Revenue arrangements with multiple deliverables are divided into units of accounting if certain criteria are met, including whether the deliverable item(s) has (have) value to the customer on a stand-alone basis.  Revenue for each unit of accounting is recognized as the unit of accounting is delivered.  Arrangement consideration is allocated to each unit of accounting based upon the relative estimated selling prices of the separate units of accounting contained within an arrangement containing multiple deliverables.  Estimated selling prices are determined using VSOE, when available, or an estimate of selling price when VSOE is not available for a given unit of accounting.  Significant inputs for the estimates of the selling price of separate units of accounting include market and pricing trends and a customer’s geographic location.  We account for training and installation, and service agreements and the collection, processing and testing of the umbilical cord blood and the storage as separate units of accounting.

Service revenue generated from contracts for providing maintenance of equipment is amortized over the life of the agreement.  Revenue generated from storage contracts is deferred and recorded ratably over the life of the agreement, up to 21 years.  All other service revenue is recognized at the time the service is completed.

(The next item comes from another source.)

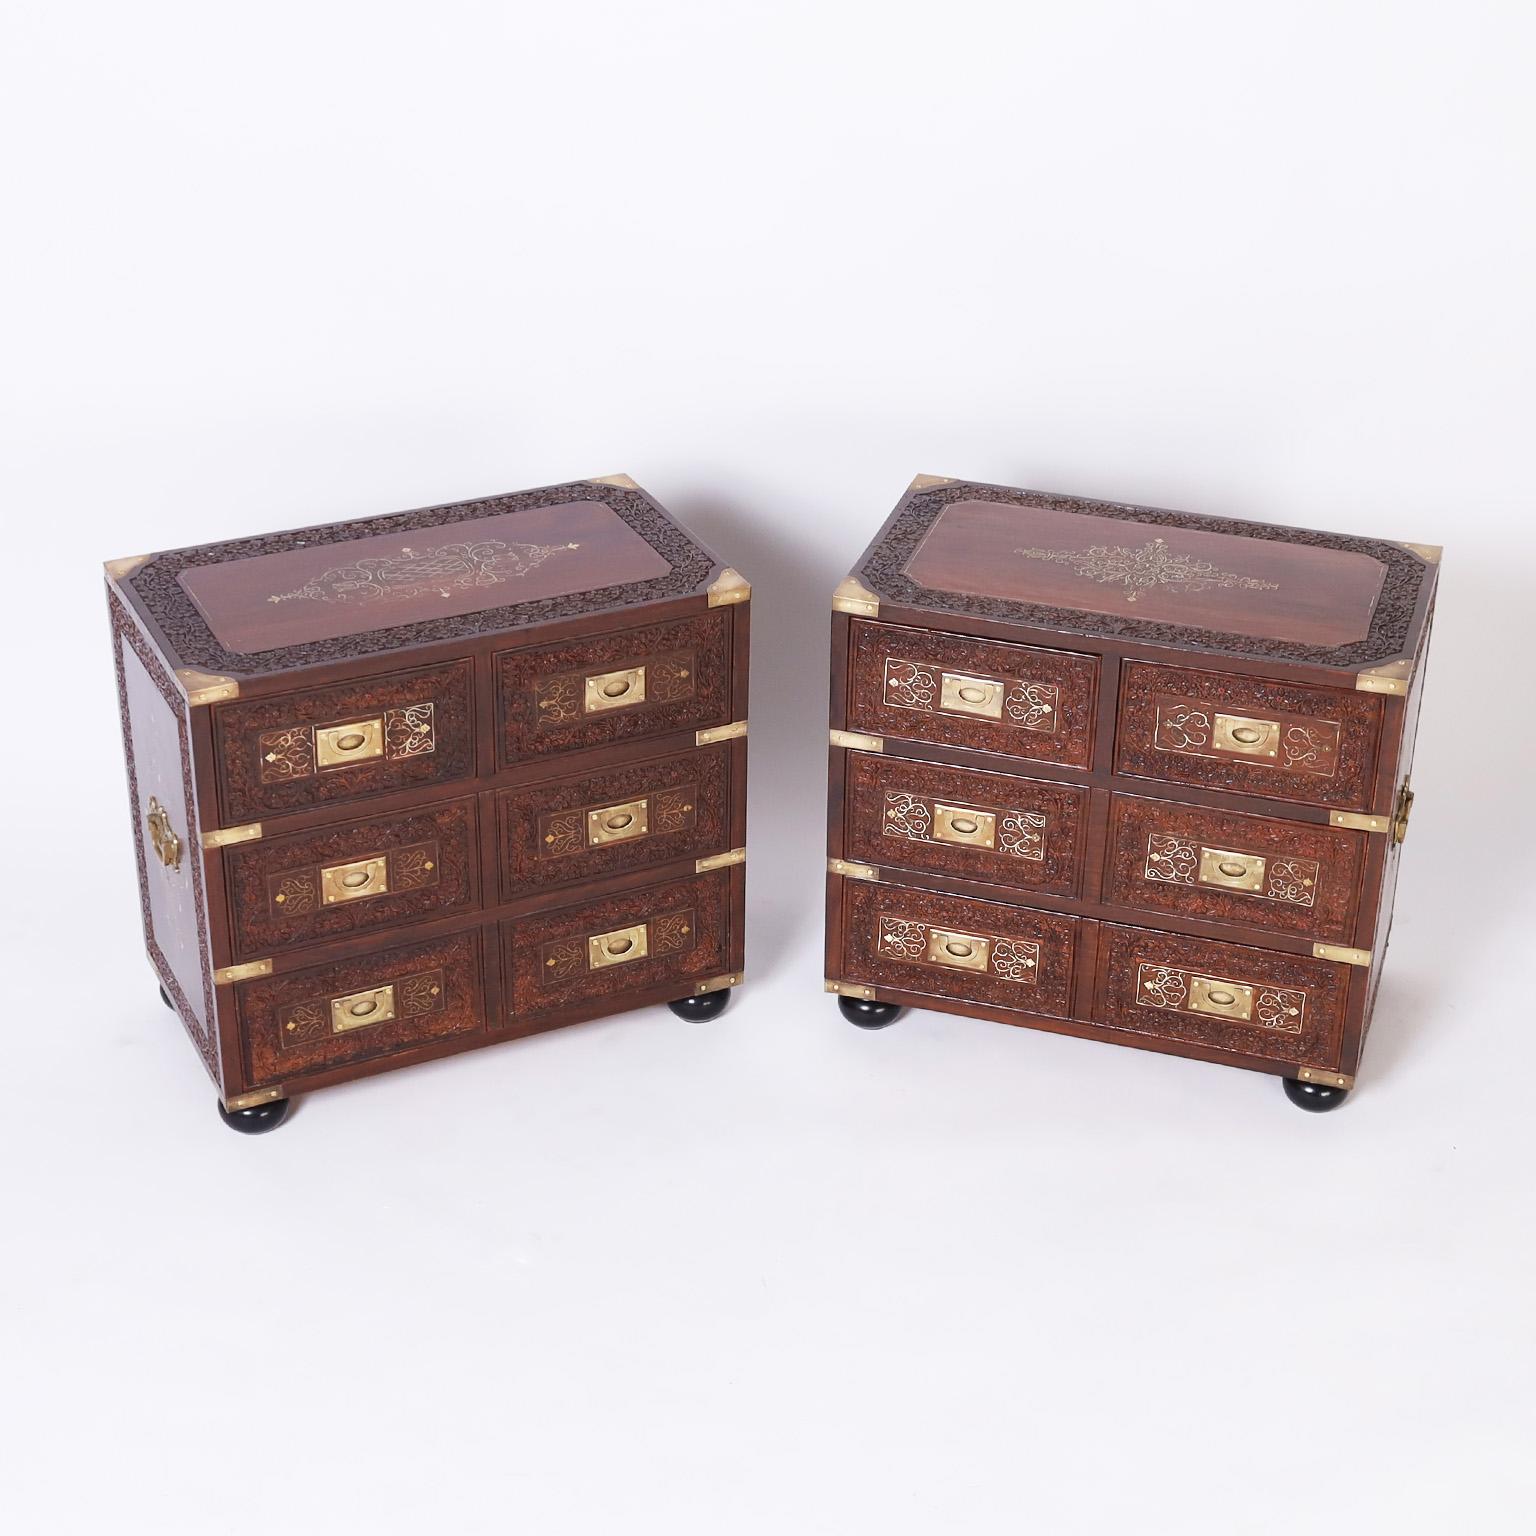 Anglo-Indian Pair of Rosewood Carved and Inlaid Stands

For licensing agreements pursuant to which the Company receives up-front licensing fees for products or technologies that will be provided by the Company over the term of the arrangements, the Company defers the up-front fees and recognizes the fees as revenue on a straight-line method over the term of the respective license.  For license agreements that require no continuing performance on the Company’s part, license fee revenue is recognized immediately upon grant of the license.

Revenues are net of normal discounts.  Shipping and handling fees billed to customers are included in net revenues, while the related costs are included in cost of revenues.

Cash and Cash Equivalents
We consider all highly liquid investments with a maturity of three months or less at the time of purchase to be cash equivalents.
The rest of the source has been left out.